Four years after our ground-breaking '100 Days That Shook The Kop', we are delighted to invite you to enjoy our new '100 Players Who Shook The Kop' series – the definitive countdown of the 100 players who have made the biggest impact at Liverpool.

Over 110,000 supporters have all nominated their own personal Top 10 players in order of impact made and now the definitive top 100 countdown is underway.

Every player who has made the top 100 – and there are some surprises in there - will be honoured on this website via the e-Season ticket console with a specially produced video clip, including archive footage and exclusive interviews.

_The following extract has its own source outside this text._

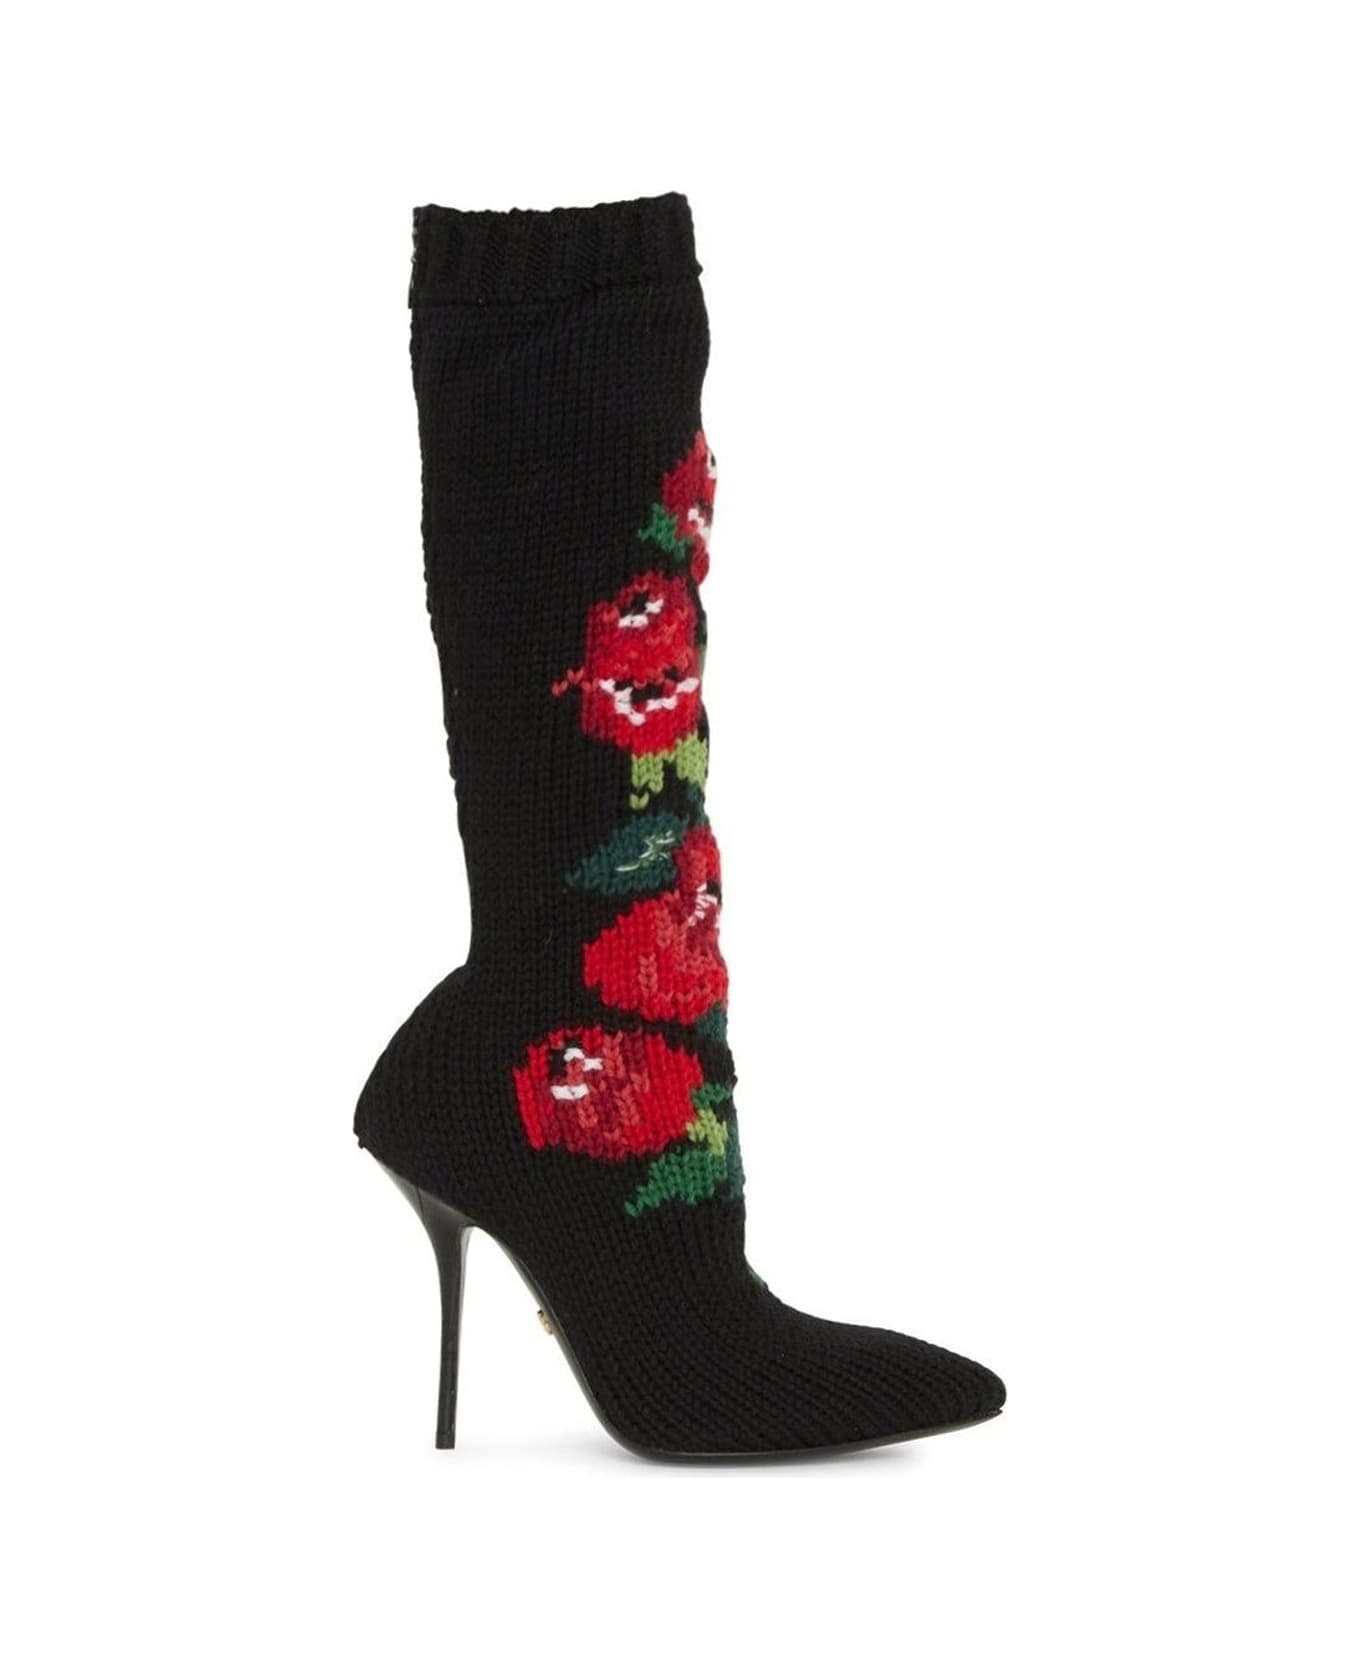 Dolce & Gabbana Wool Flower Boots - Black

Since 1892 hundreds of players have represented this club but everyone has their own particular favourites so don't expect this list to be based solely on talent. The greatness of a player can be measured in many ways – obviously, his ability on the pitch is the most important, but 100 PWSTK is much more than that. It's about the impact the individuals chosen have had on this club, be it for a variety of reasons. Maybe it was because of their unique rapport with the crowd, a specific incident that has never been forgotten or anything else that has left a lasting impression.

Name: Bruce Grobbelaar

Years at Liverpool: 1981 to 1994
Position: Goalkeeper

Date-of-birth: 6/10/1957
Birthplace: Durban, South Africa

Signed from: Vancouver Whitecaps (March 1981)

Games: 627
Goals: 0

Honours: First Division Championship (1981/82, 1982/83, 1983/84, 1985/86, 1987/88, 1989/90), European Cup (1984), FA Cup (1986, 1989, 1992), League Cup (1982, 1983, 1984), Charity Shield (1982, 1986, 1988, 1989, 1990)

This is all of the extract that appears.